Integration with external shuffle service (FLIP-31)
To achieve auto caching, the cache service needs to be integrated with shuffle service. This is sort of a natural move. Inherently, external shuffle service and cache service share a lot of similarities:
Make cache service pluggable
In some cases, users may want to plugin their own cache service. In the future, we could add support for that.
Some API changes will be needed to support customized cache service. We will start another FLIP to discuss that. The change should not be much. Curious readers can read the google doc for some idea.
Add auto cache
Auto cache allows the BLOCKING shuffle boundaries to be persisted for later usage. It further relieves the users from thinking about when to explicitly cache in the program.
Add cache to DataStream API
As of now DataStream only supports stream processing. There is some idea of supporting both Stream and Batch (as finite stream) in DataStream. Once we do that, we can add the cache API to DataStream as well.

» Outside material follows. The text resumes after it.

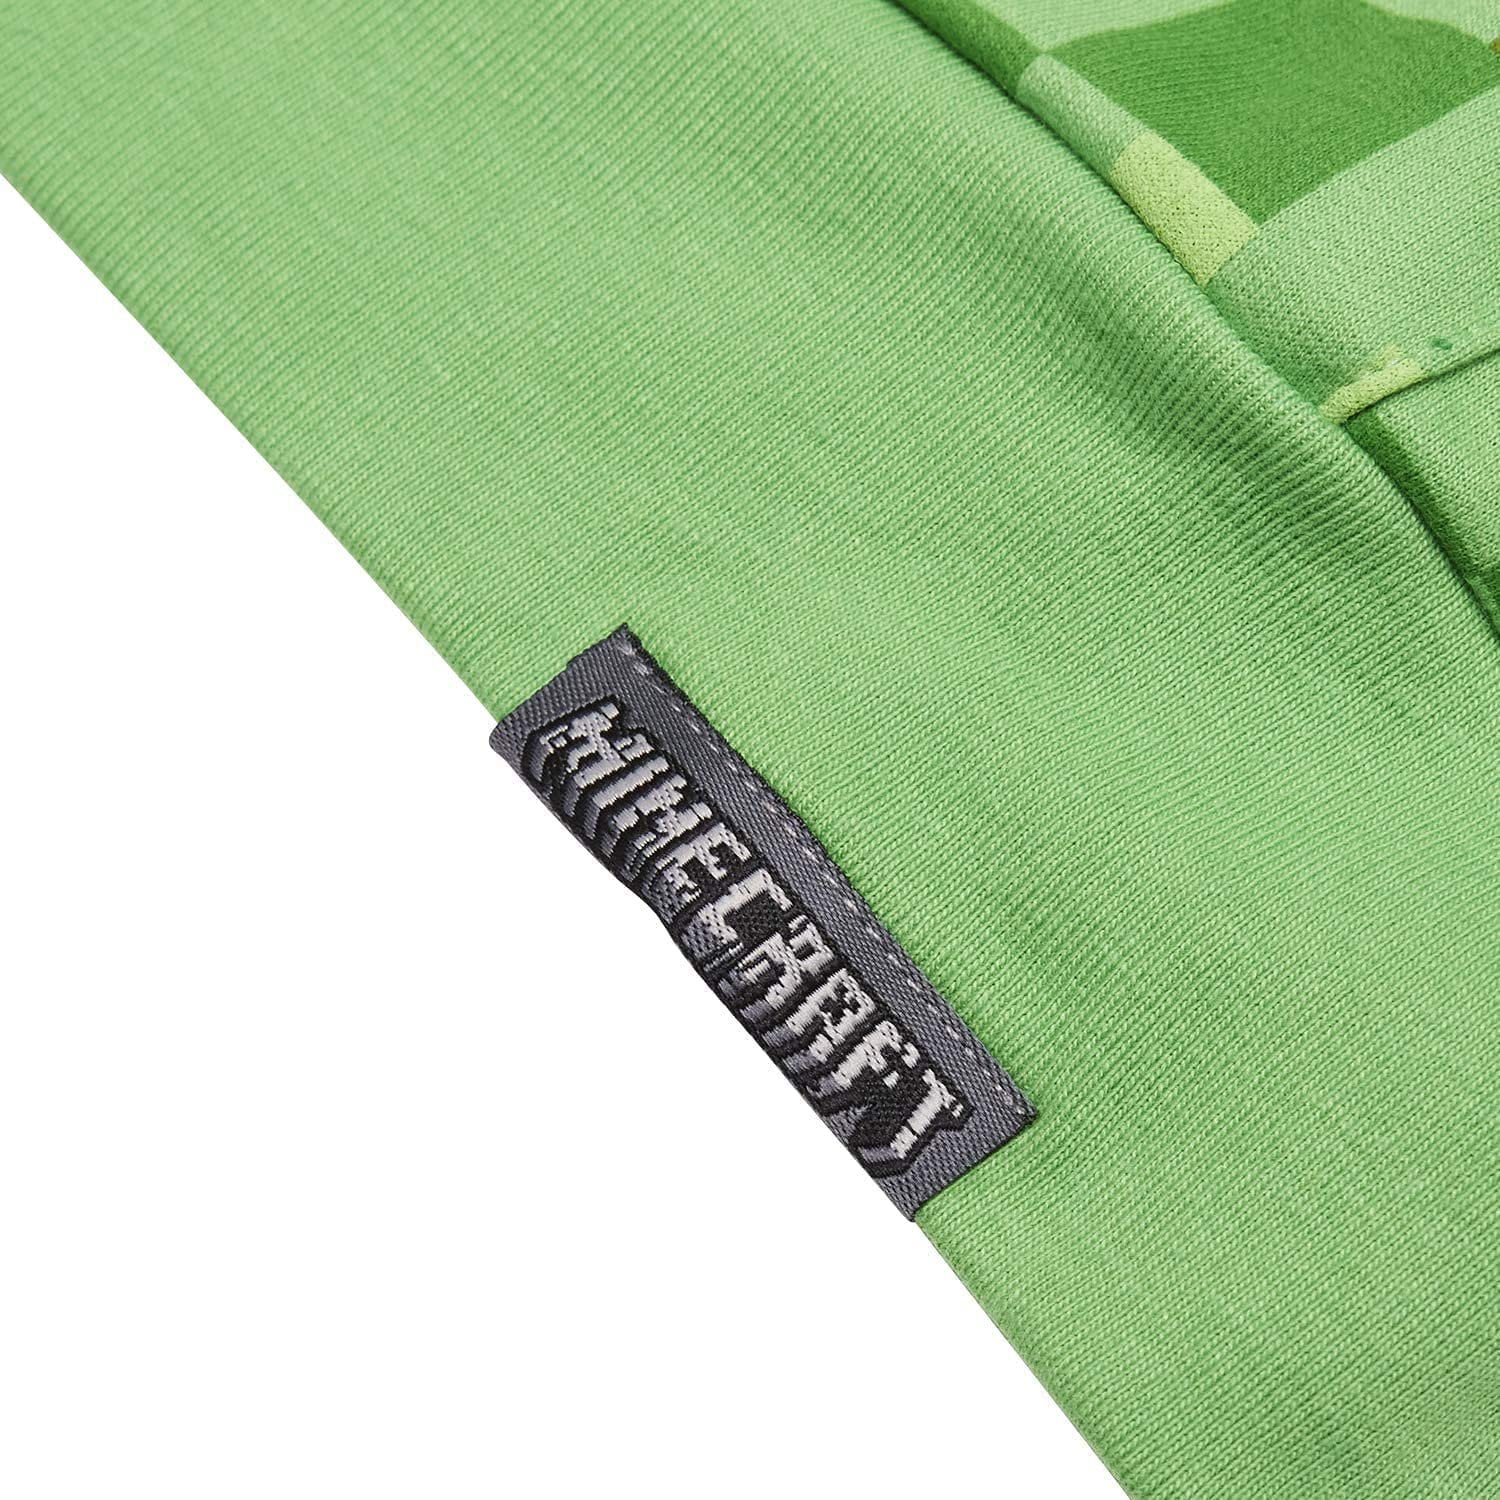 Minecraft Creeper Boy's Green Hoodie, Sizes 5-14, Size: 9-10 Years

Compatibility, Deprecation, and Migration Plan
This FLIP proposes a new feature in Flink. It is fully backwards compatible.
Unit tests and Integration Tests will be added to test the proposed functionalities.
The semantic of the cache() / invalidateCache() API has gone through extended discussions. The rejected alternative semantics are documented below:
Rejected API Option 1
Simple and intuitive, users only need to deal one variable of Table class
Side effect: a table may be cached / uncached in a method invocation, while the caller does not know about this.
Rejected API Option 2
No side effect
Optimizer has no chance to kick in.
Users have to distinguish between original table / cached table.
Adding auto cache becomes a backward incompatible change.
Rejected API Option 3
No side effect
Users only deal with the variable.
Easy to add auto caching.
The behavior of t.foo() changes after t.cache(), the concern is that this is considered as “modifies” table t, which is against the immutable principle.